» Task to complete
Make an exact copy of the listing, without images.

» Input data
━━━━━━

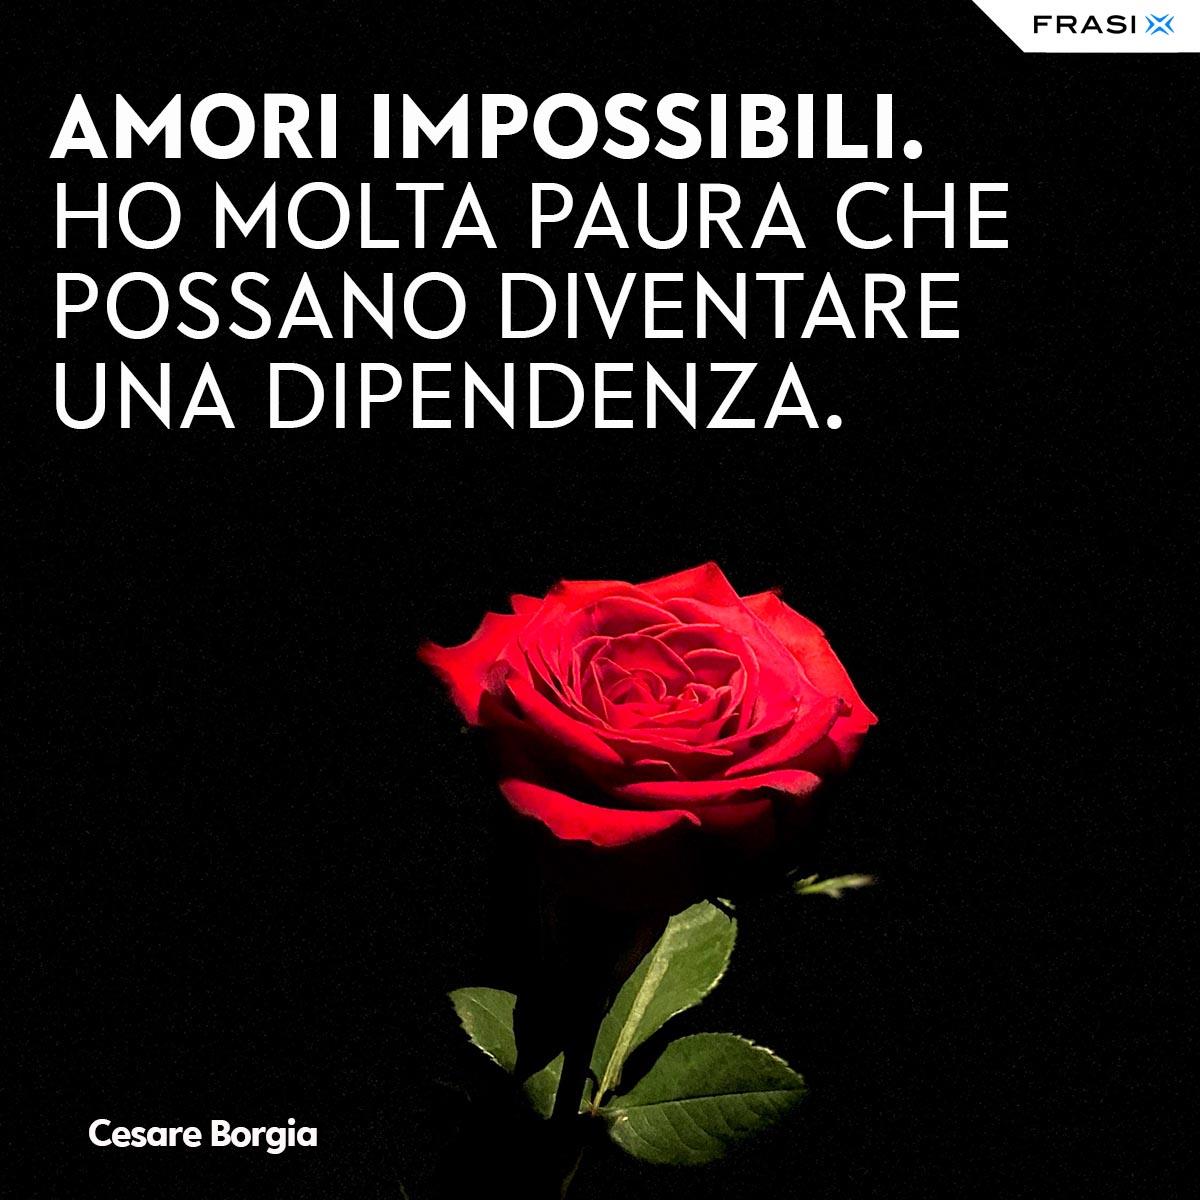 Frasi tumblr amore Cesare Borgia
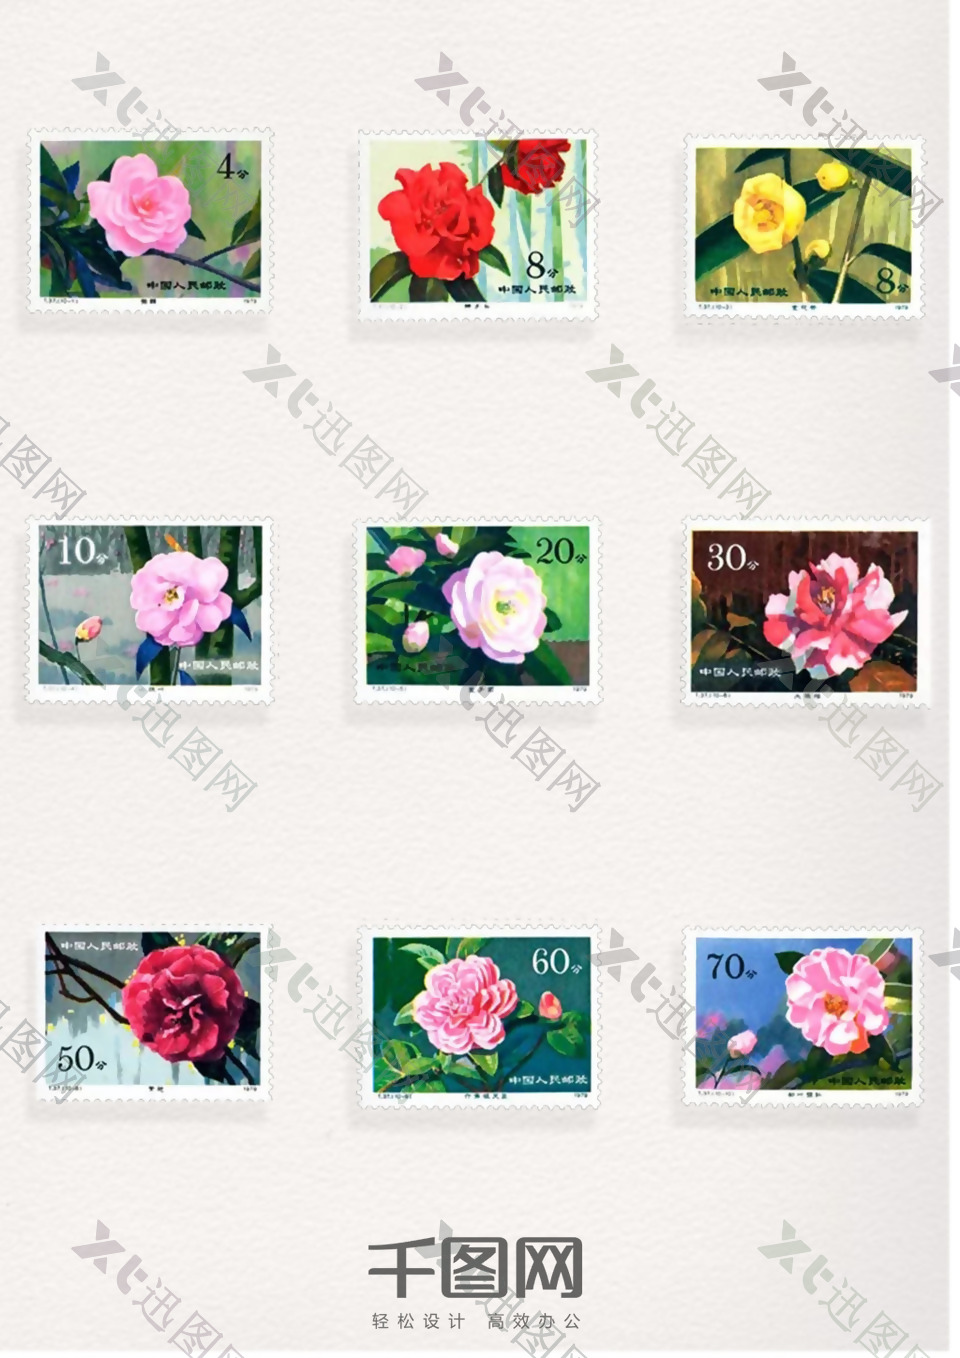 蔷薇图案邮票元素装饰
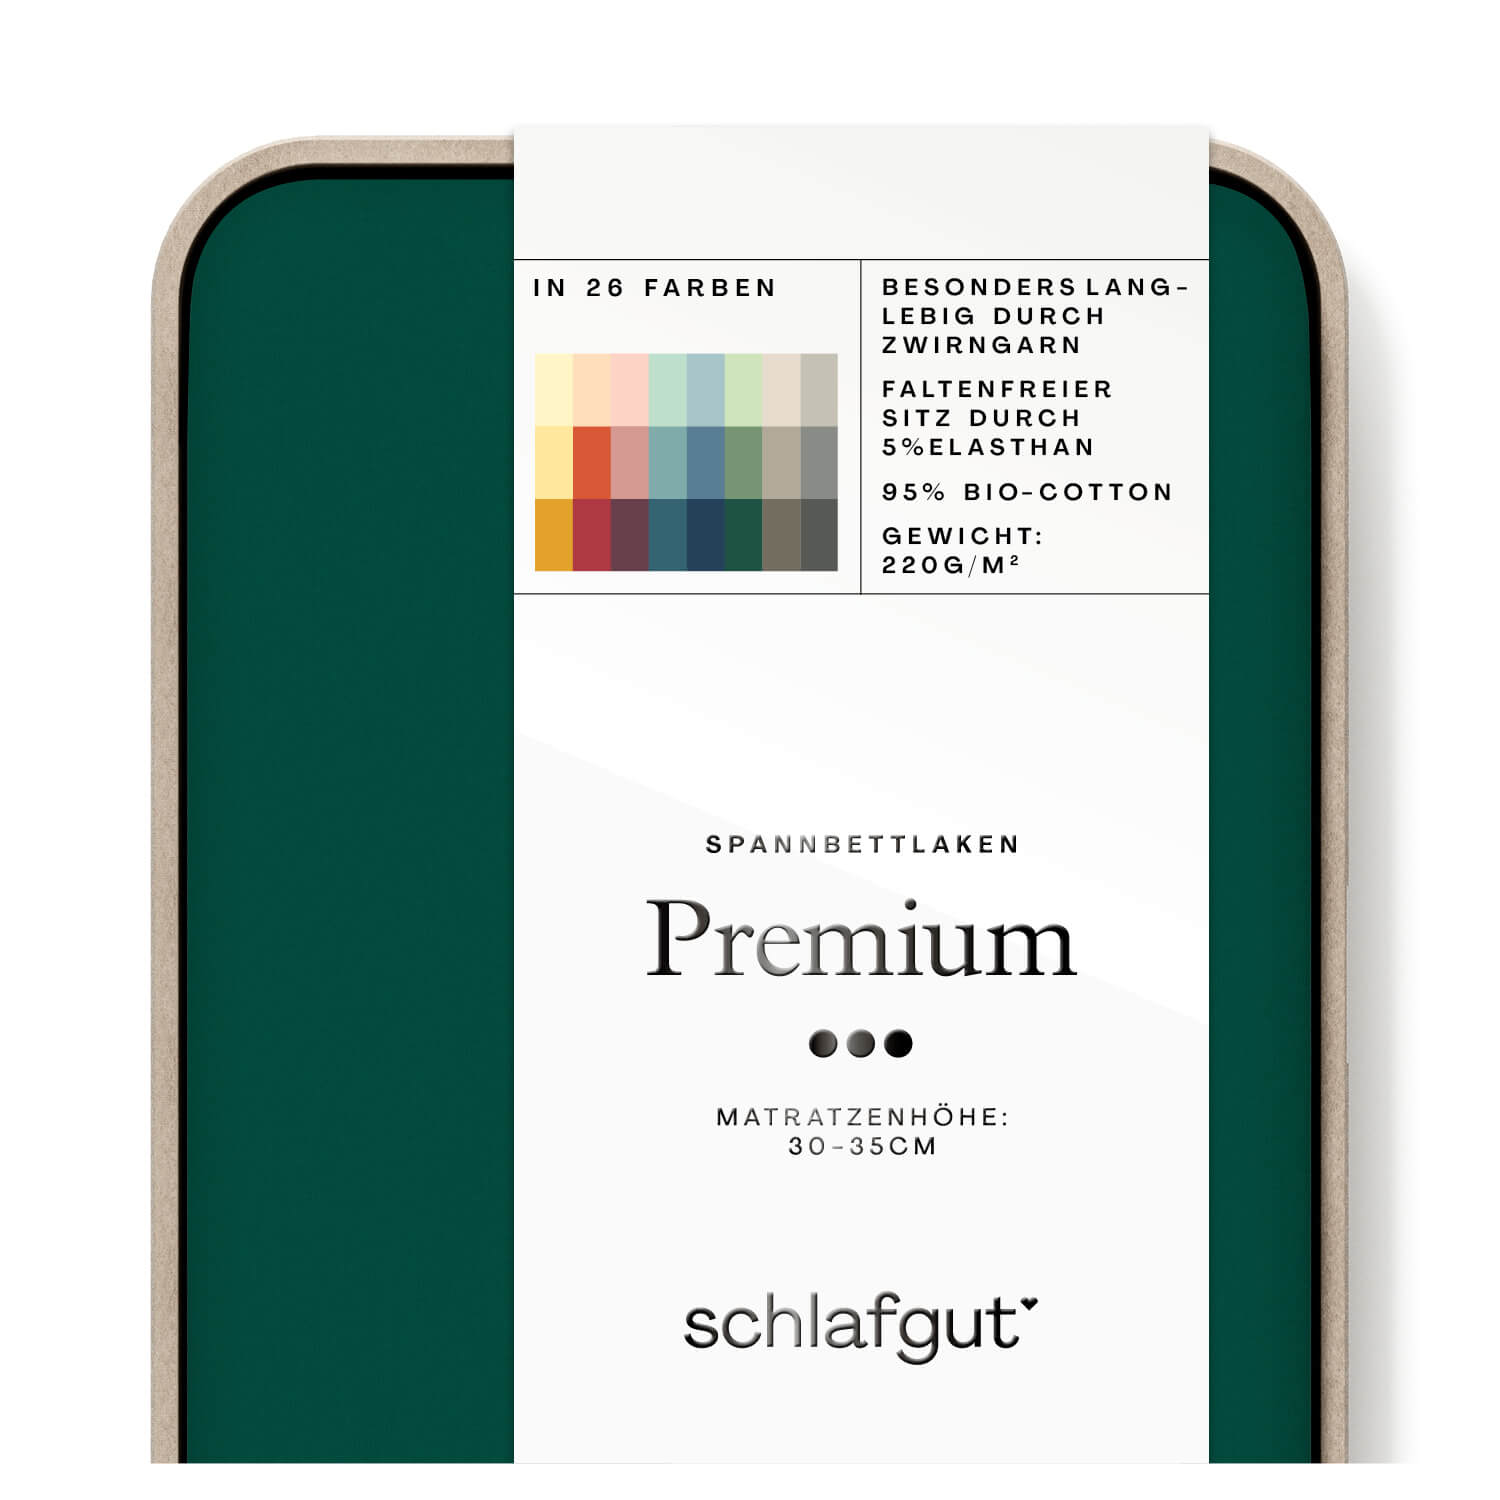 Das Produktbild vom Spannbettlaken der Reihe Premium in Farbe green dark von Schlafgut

━━━━━━

» Answer below
 Frasi tumblr amore Cesare Borgia
 蔷薇图案邮票元素装饰
 Das Produktbild vom Spannbettlaken der Reihe Premium in Farbe green dark von Schlafgut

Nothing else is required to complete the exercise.